Clearly closed under addition and multiplication

Since the components are $\in \mathbb Q$ then associative, commutative, and destributive laws follow.

additive identity: $[0,0]$

$[a_1, b_1] + [0,0] = [a_1, b_1]$, holds

multiplicative identity: $[1,0]$

$[a_1, b_1]\cdot[1,0] = [a_1, b_1]$, holds

additive inverse: $[-a_1, -b_1]$

$[a_1, b_1]+[-a_1, -b_1] = [0, 0]$, holds

multiplicative inverse: ??

Unsure how to do this part. I think I have to do this:

$$[a_1, b_1] \cdot [x, y] = [1, 0]$$

Not sure how to though.

• Does $[a,b]$ mean closed interval? Also, your definition of $+$ is garbled. – Eric M. Schmidt Sep 17 '17 at 1:54
• What do you mean? I put a line between the question and my attempt at it.
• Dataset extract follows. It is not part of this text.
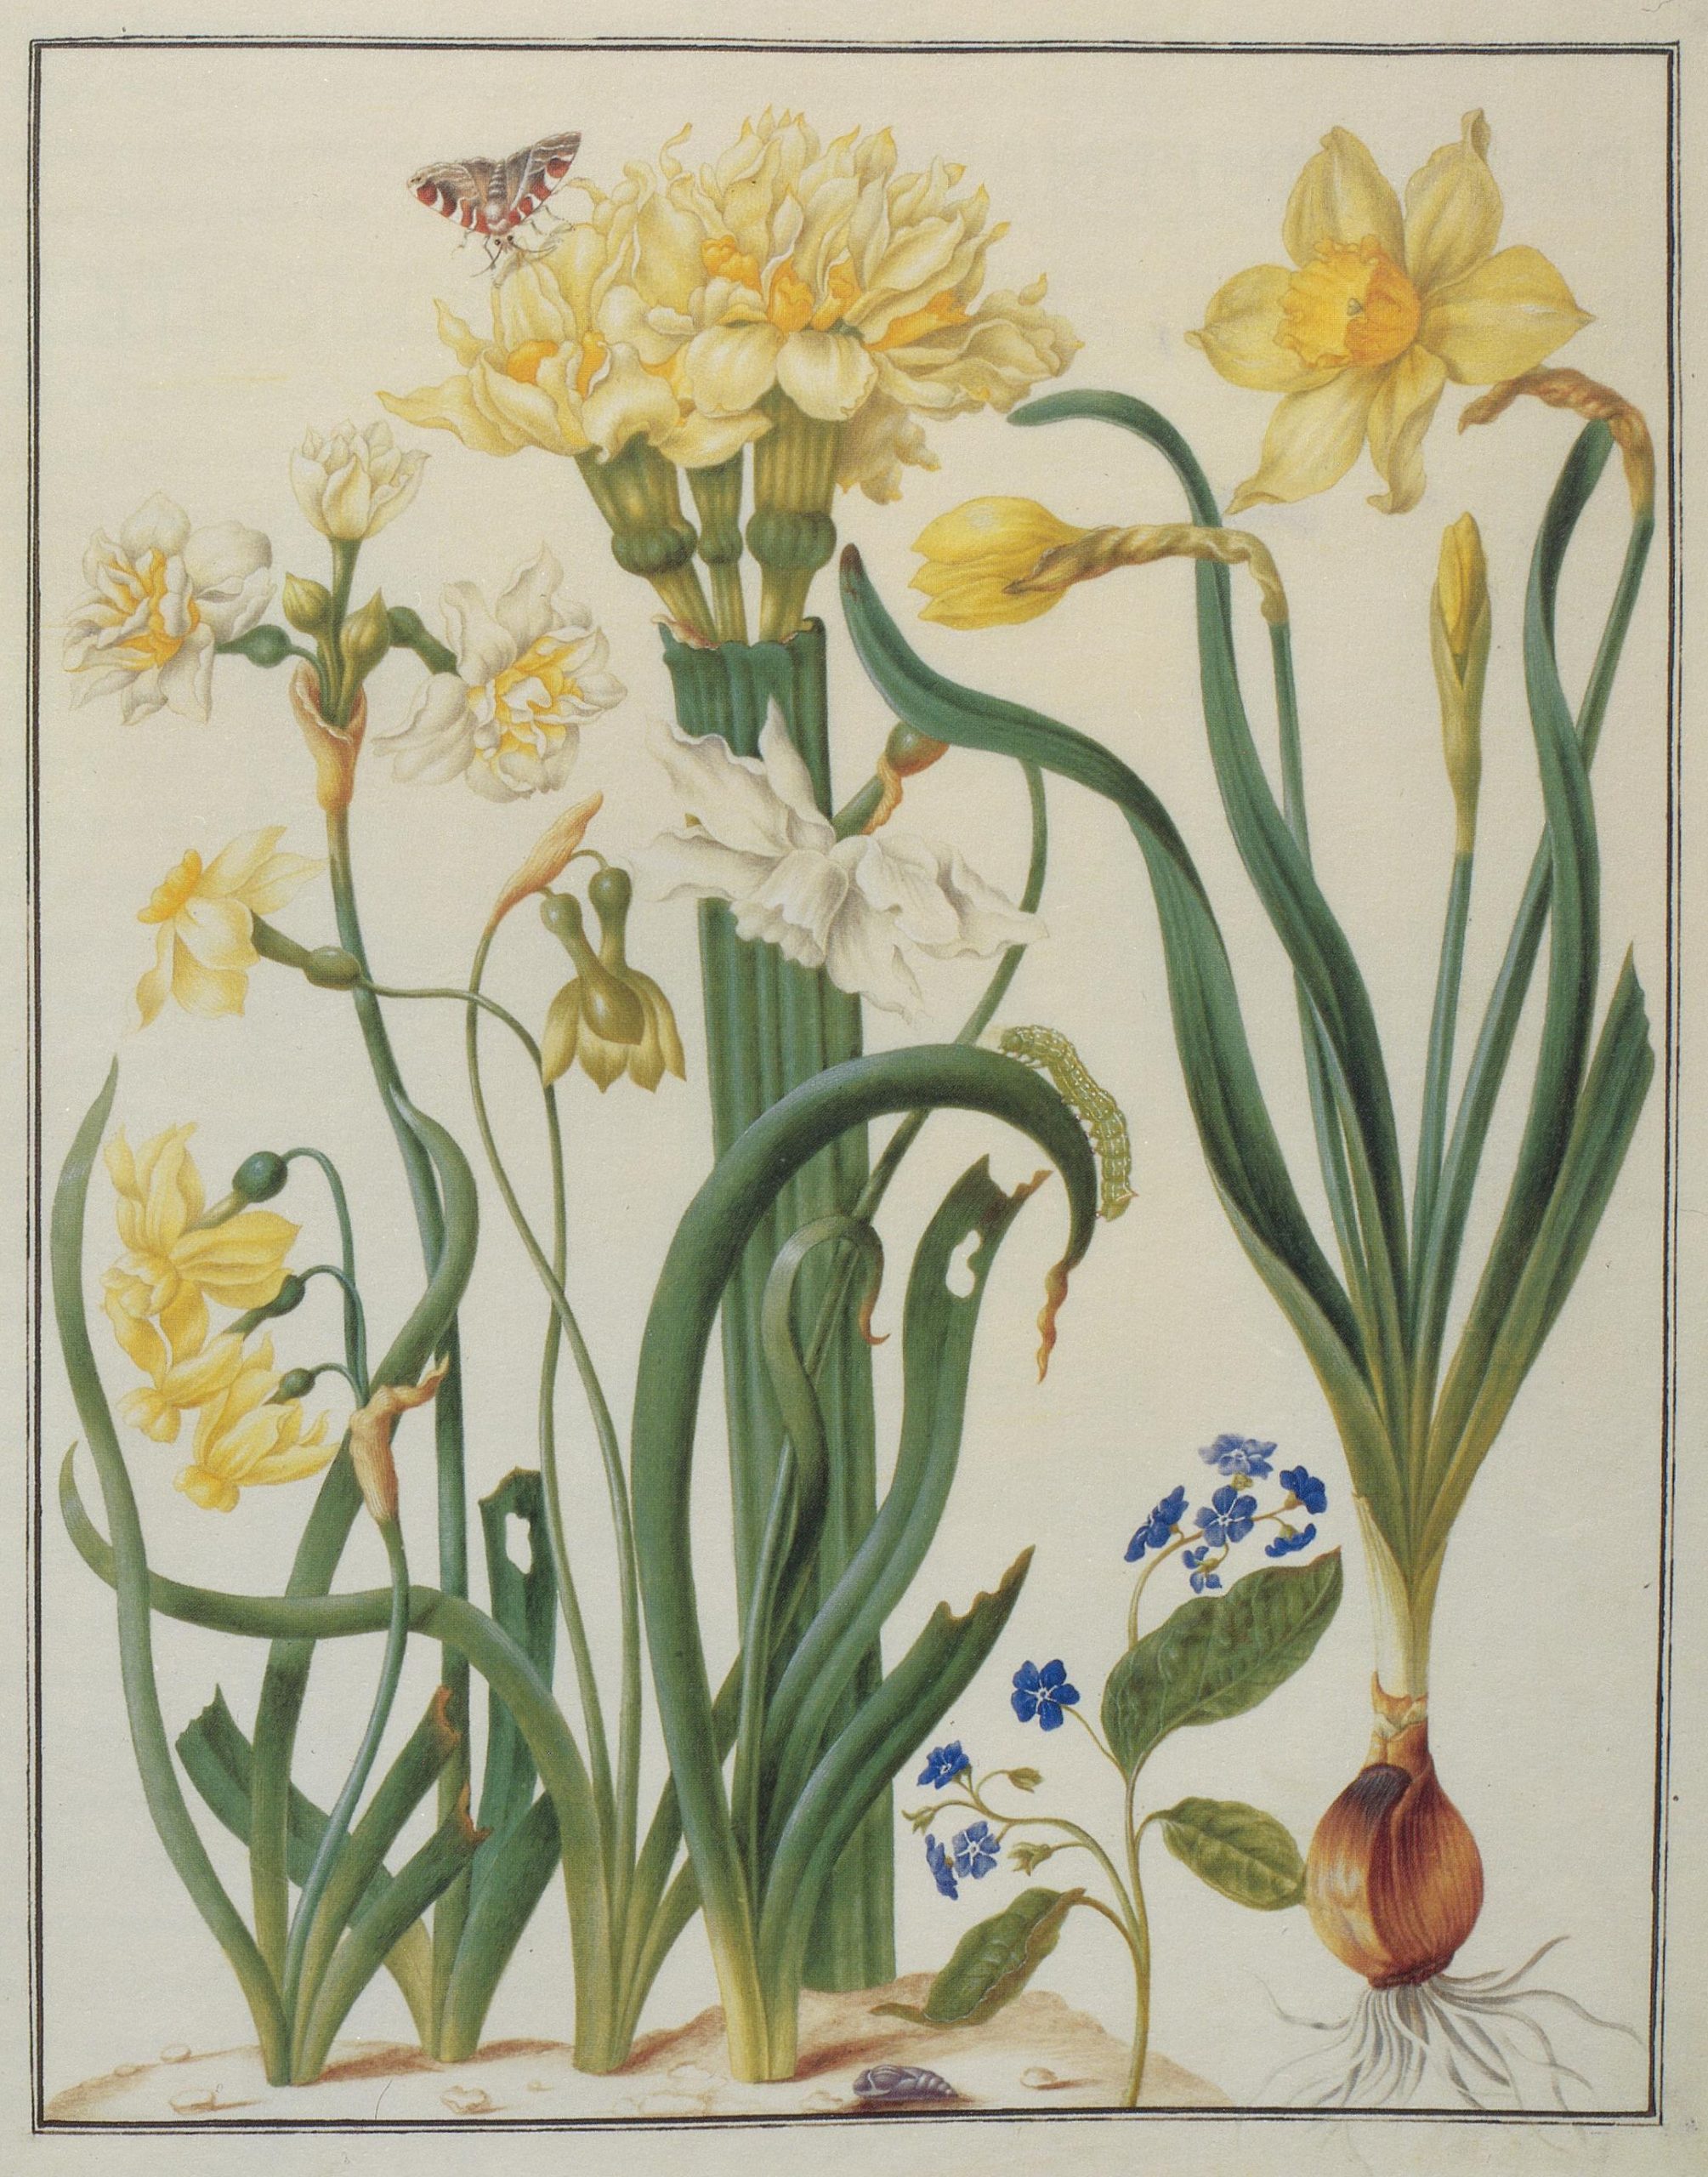 A detailed illustration of daffodils and forget-me-nots

I'm just trying to satisfy the properties for a field. – Tinler Sep 17 '17 at 1:58
• By $[a,b]$ do you mean a closed interval from analysis, i.e., something like $[a,b]=\{x\in\mathbb{R}:a\leq x\leq b\},$ or do you mean an ordered pair of numbers, usually denoted $(a,b)$ (though, admittedly, this notation is also used to mean "open interval" in analysis)? – Will R Sep 17 '17 at 1:58
• I'm not really sure, the question never labeled it. – Tinler Sep 17 '17 at 2:05
• I think, here $[a,b]$ means ordered pair. In that case it is a field, (isomorphic to) $\mathbb{Q}(i)$. If this is true, then think $[a,b]$ as a complex number $a+ib$, and then try. You can easily findout the inverse in this way. – Krish Sep 17 '17 at 2:19

You need to solve $[a,b]*[x,y]=[ax-by,bx+ay]=[1,0]$

So solve $ax-by=1$

$bx+ay=0$

$bx=-ay$ so (assuming $b\ne 0$) $x=-\frac aby$

So $-\frac {a^2}by -by=1$ and $y=\frac -1 {\frac {a^2}b-b} =-\frac b {a^2-b^2}$.

And $x=-\frac ab*-\frac b {a^2-b^2}=\frac a {a^2-b^2}$

So $[a,b]^{-1}=[\frac a {a^2-b^2},-\frac b {a^2-b^2}]$

That should look very familiar.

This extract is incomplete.